# How do you find all the real and complex roots of 2x^4 + 3x^3 - x^2 + 5 = 0?

Nov 20, 2016

See explanation for a sketch of how to solve this algebraically...

#### Explanation:

$f \left(x\right) = 2 {x}^{4} + 3 {x}^{3} - {x}^{2} + 5$

This is an example of the worst possible case in quartic equations.

The full solution is too long, so I will just sketch it here...
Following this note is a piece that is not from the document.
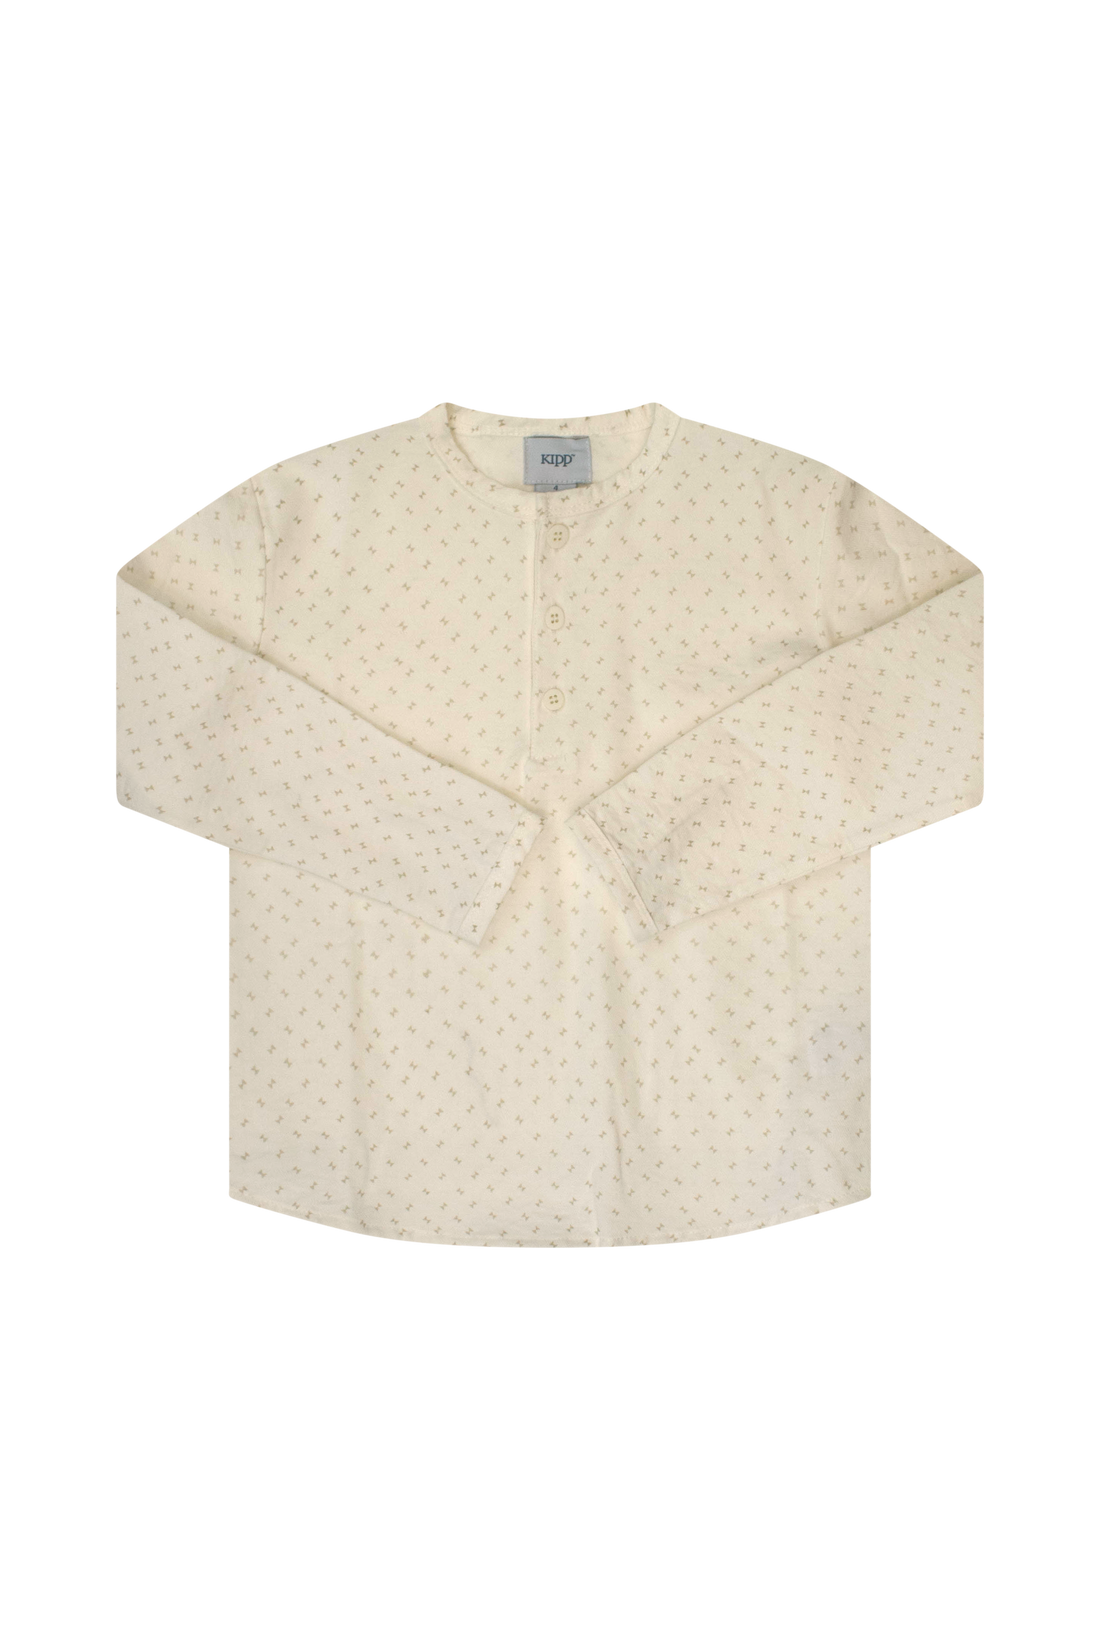 Kipp White Twill Shirt

• Use a Tschirnhaus transformation to simplify the quartic to one with no cube term:

$2048 f \left(x\right) = 4096 {x}^{4} + 6144 {x}^{3} - 2048 {x}^{2} + 10240$

$\textcolor{w h i t e}{2048 f \left(x\right)} = {\left(8 x + 3\right)}^{4} - 86 {\left(8 x + 3\right)}^{2} + 408 \left(8 x + 3\right) + 9709$

$\textcolor{w h i t e}{2048 f \left(x\right)} = {t}^{4} - 86 {t}^{2} + 408 t + 9709$

where $t = 8 x + 3$

• Consider a factorisation of the form $\left({t}^{2} - a t + b\right) \left({t}^{2} + a t + c\right)$ and equate coefficients to get:

$\left\{\begin{matrix}b + c = {a}^{2} - 86 \\ b - c = \frac{408}{a} \\ b c = 9709\end{matrix}\right.$

• Use ${\left(b + c\right)}^{2} = {\left(b - c\right)}^{2} + 4 b c$ to derive a cubic in ${a}^{2}$:

${\left({a}^{2}\right)}^{3} - 172 {\left({a}^{2}\right)}^{2} - 31440 \left({a}^{2}\right) - 166464 = 0$

• Use a Tschirnhaus transformation to simplify the cubic to one with no square term:

$27 \left({\left({a}^{2}\right)}^{3} - 172 {\left({a}^{2}\right)}^{2} - 31440 \left({a}^{2}\right) - 166464\right)$

$= 27 {\left({a}^{2}\right)}^{3} - 46644 {\left({a}^{2}\right)}^{2} - 848880 \left({a}^{2}\right) - 4494528$

$= {\left(3 {a}^{2} - 172\right)}^{3} - 371712 \left(3 {a}^{2} - 172\right) - 63340544$

$= {s}^{3} - 371712 s - 63340544$

where $s = 3 {a}^{2} - 172$

• This cubic has $3$ Real zeros, so use a trigonometric substitution of the form $s = k \cos \theta$ with $k = 704$

$0 = {s}^{3} - 371712 s - 63340544$

$\textcolor{w h i t e}{0} = {704}^{3} {\cos}^{3} \theta - 371712 \cdot 704 \cos \theta - 63340544$

$\textcolor{w h i t e}{0} = 87228416 \left(4 {\cos}^{3} \theta - 3 \cos \theta\right) - 63340544$

$\textcolor{w h i t e}{0} = 87228416 \cos 3 \theta - 63340544$

$\textcolor{w h i t e}{0} = 32768 \left(2662 \cos 3 \theta - 1933\right)$

Hence:
$s = 704 \cos \left(\frac{1}{3} {\cos}^{- 1} \left(\frac{1933}{2662}\right) + \frac{2 k \pi}{3}\right)$ for $k = 0 , 1 , 2$

The positive Real root occurs for $k = 0$, so choose that to get:

a = sqrt(1/3( 704 cos(1/3cos^(-1)(1933/2662))+172)

• Going back to our simultaneous equations in $a , b$ and $c$ we find:

$b = \frac{1}{2} \left({a}^{2} - 86 + \frac{408}{a}\right)$

$c = \frac{1}{2} \left({a}^{2} - 86 - \frac{408}{a}\right)$

• Hence we have two quadratic equations to solve:

${t}^{2} - a t + \frac{1}{2} \left({a}^{2} - 86 + \frac{408}{a}\right) = 0$

${t}^{2} + a t + \frac{1}{2} \left({a}^{2} - 86 - \frac{408}{a}\right) = 0$

• Solve these quadratic equations using the quadratic formula to find solutions to ${t}^{4} - 86 {t}^{2} + 408 t + 9709 = 0$

• Reverse the initial Tschirnhaus transformation using $x = \frac{1}{8} \left(t - 3\right)$ to find the four (Complex) roots of the original quartic.